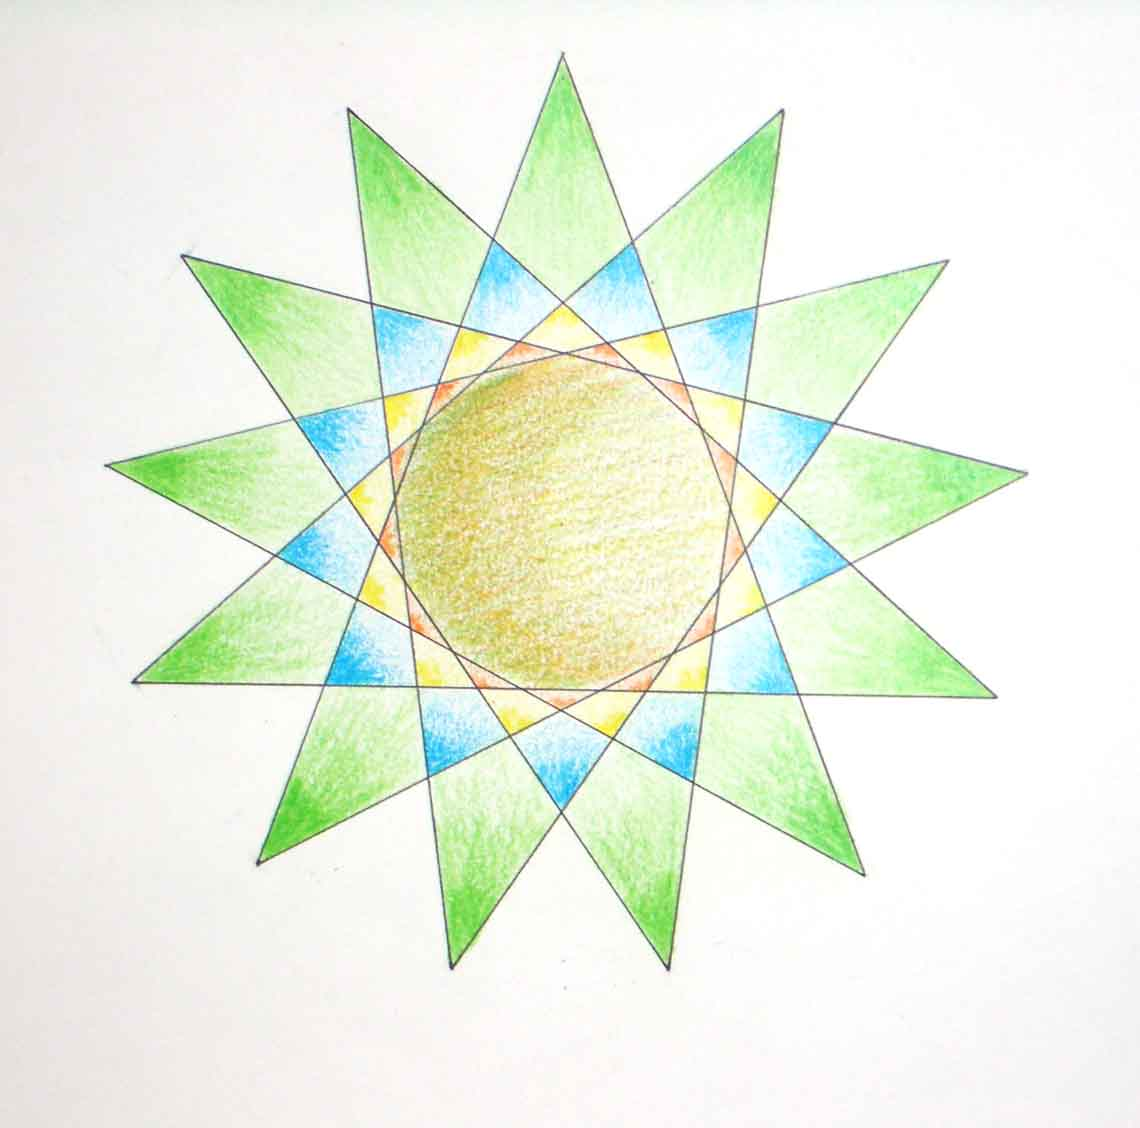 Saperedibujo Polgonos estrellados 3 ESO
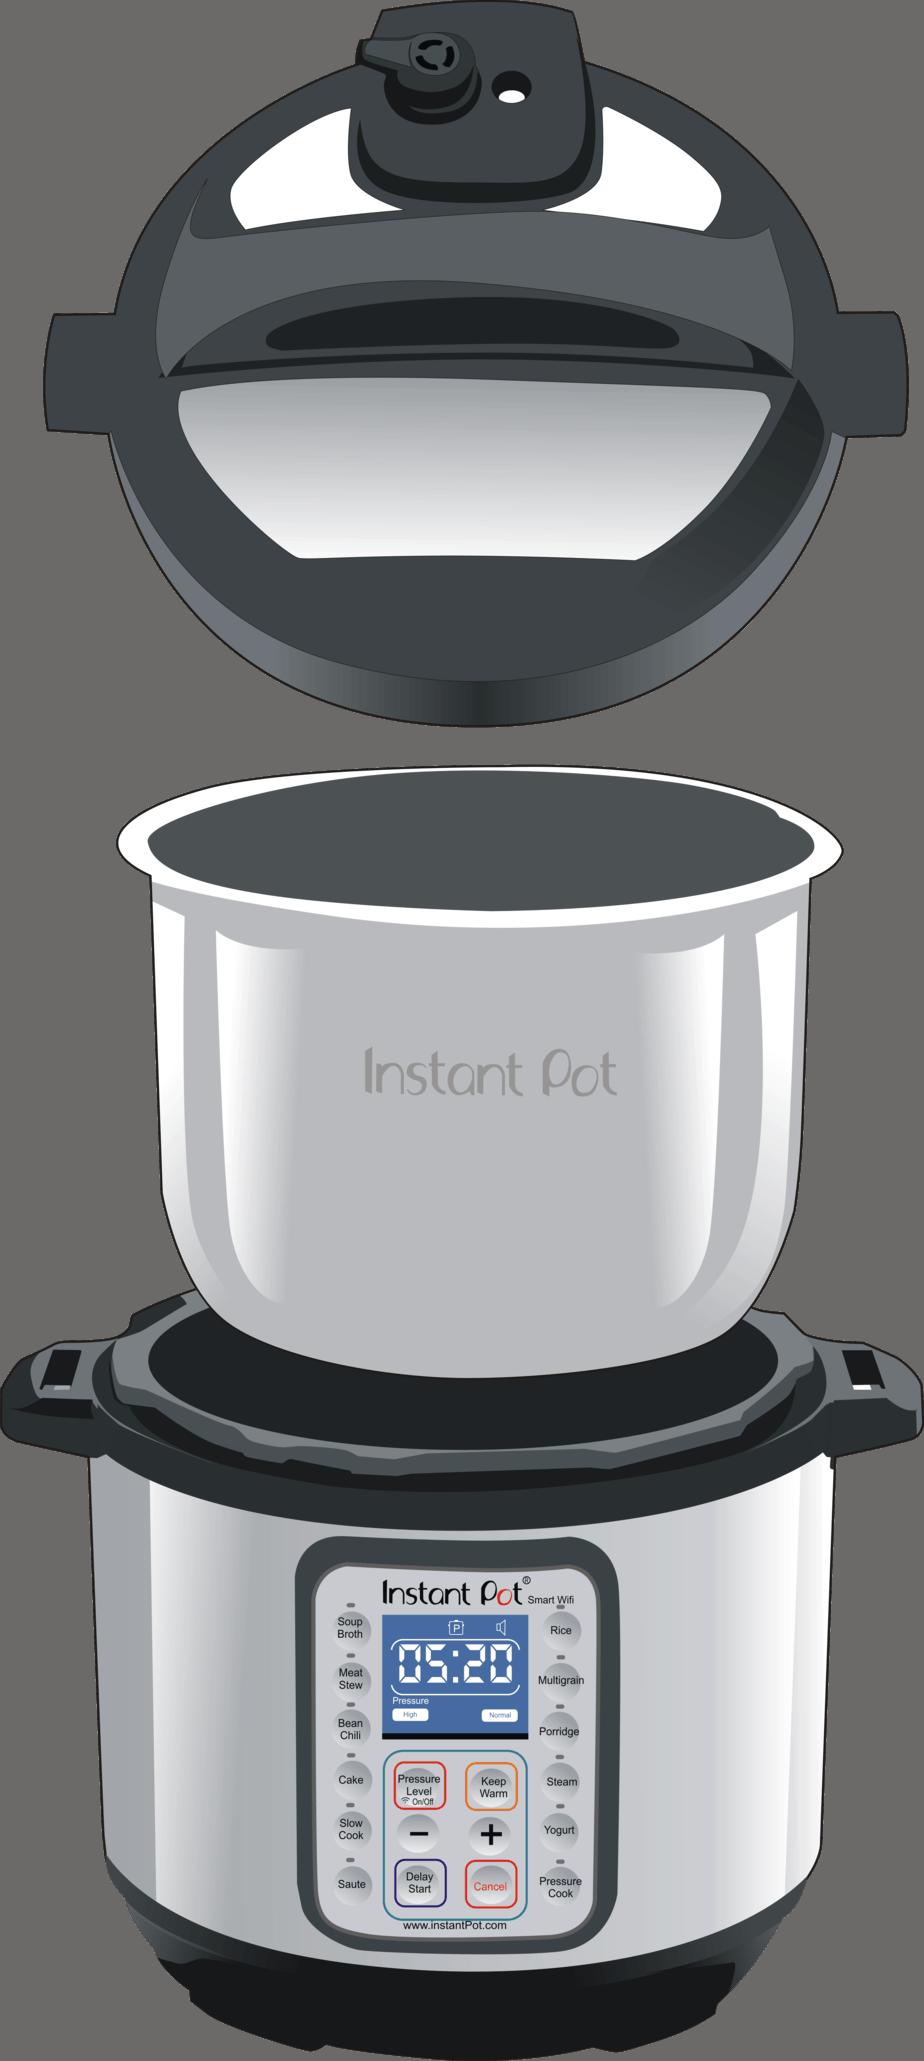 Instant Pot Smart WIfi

---

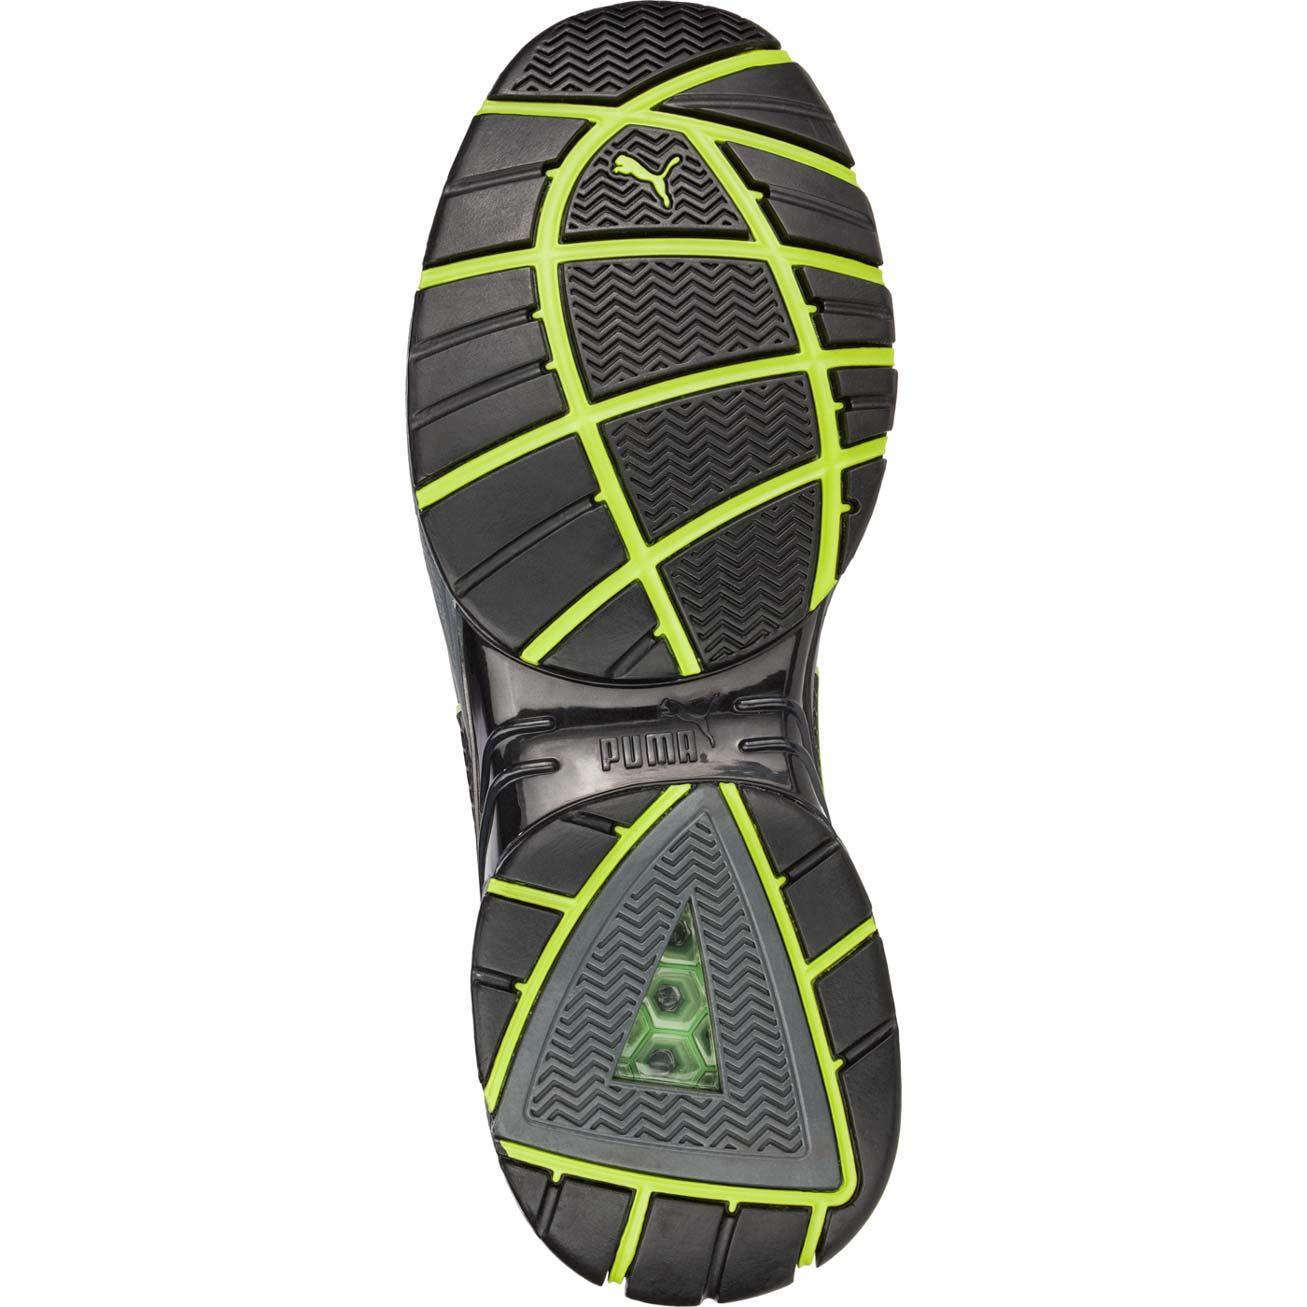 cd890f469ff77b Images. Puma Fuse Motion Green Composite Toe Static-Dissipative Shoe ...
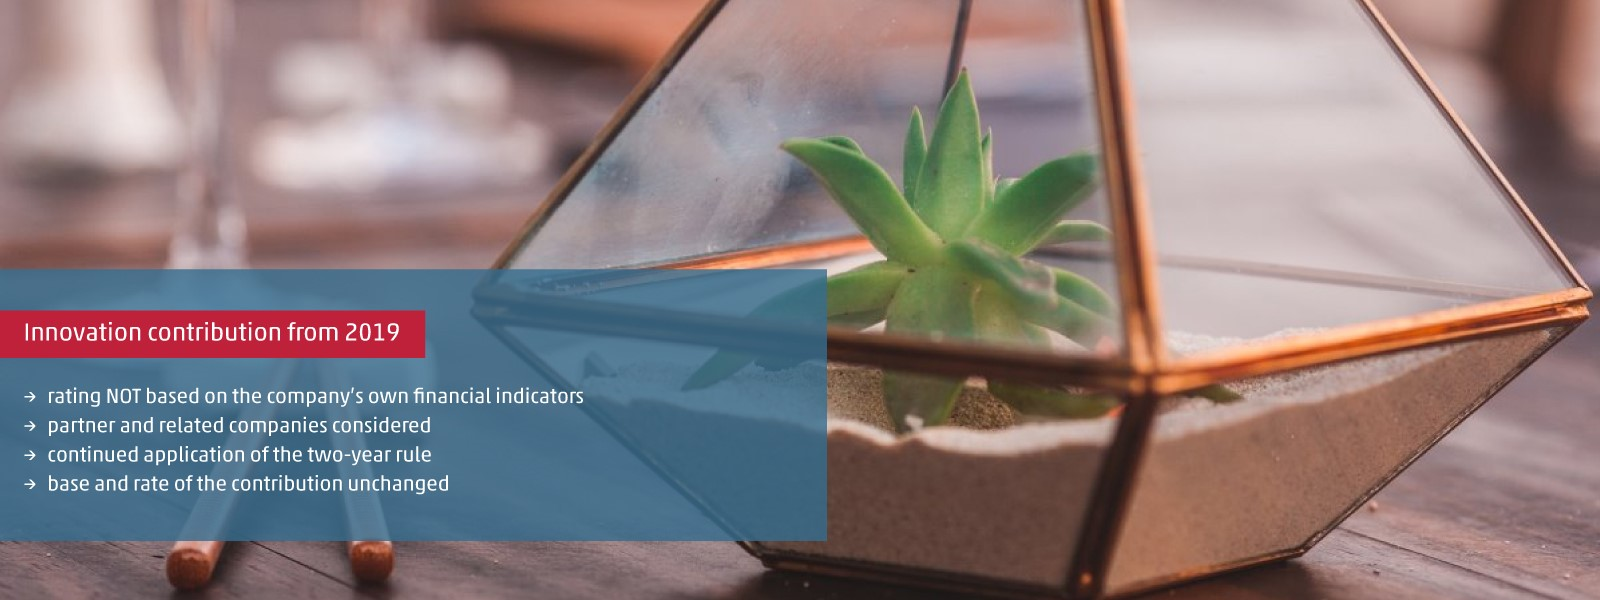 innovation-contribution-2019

---

Nothing except the lines from the one containing "Saperedibujo Polgonos estrellados 3 ESO" through the one containing "Instant Pot Smart WIfi" should appear in the answer, exactly as above and without pictures.

▸ **SOLUTION BELOW**:
 Saperedibujo Polgonos estrellados 3 ESO
 Instant Pot Smart WIfi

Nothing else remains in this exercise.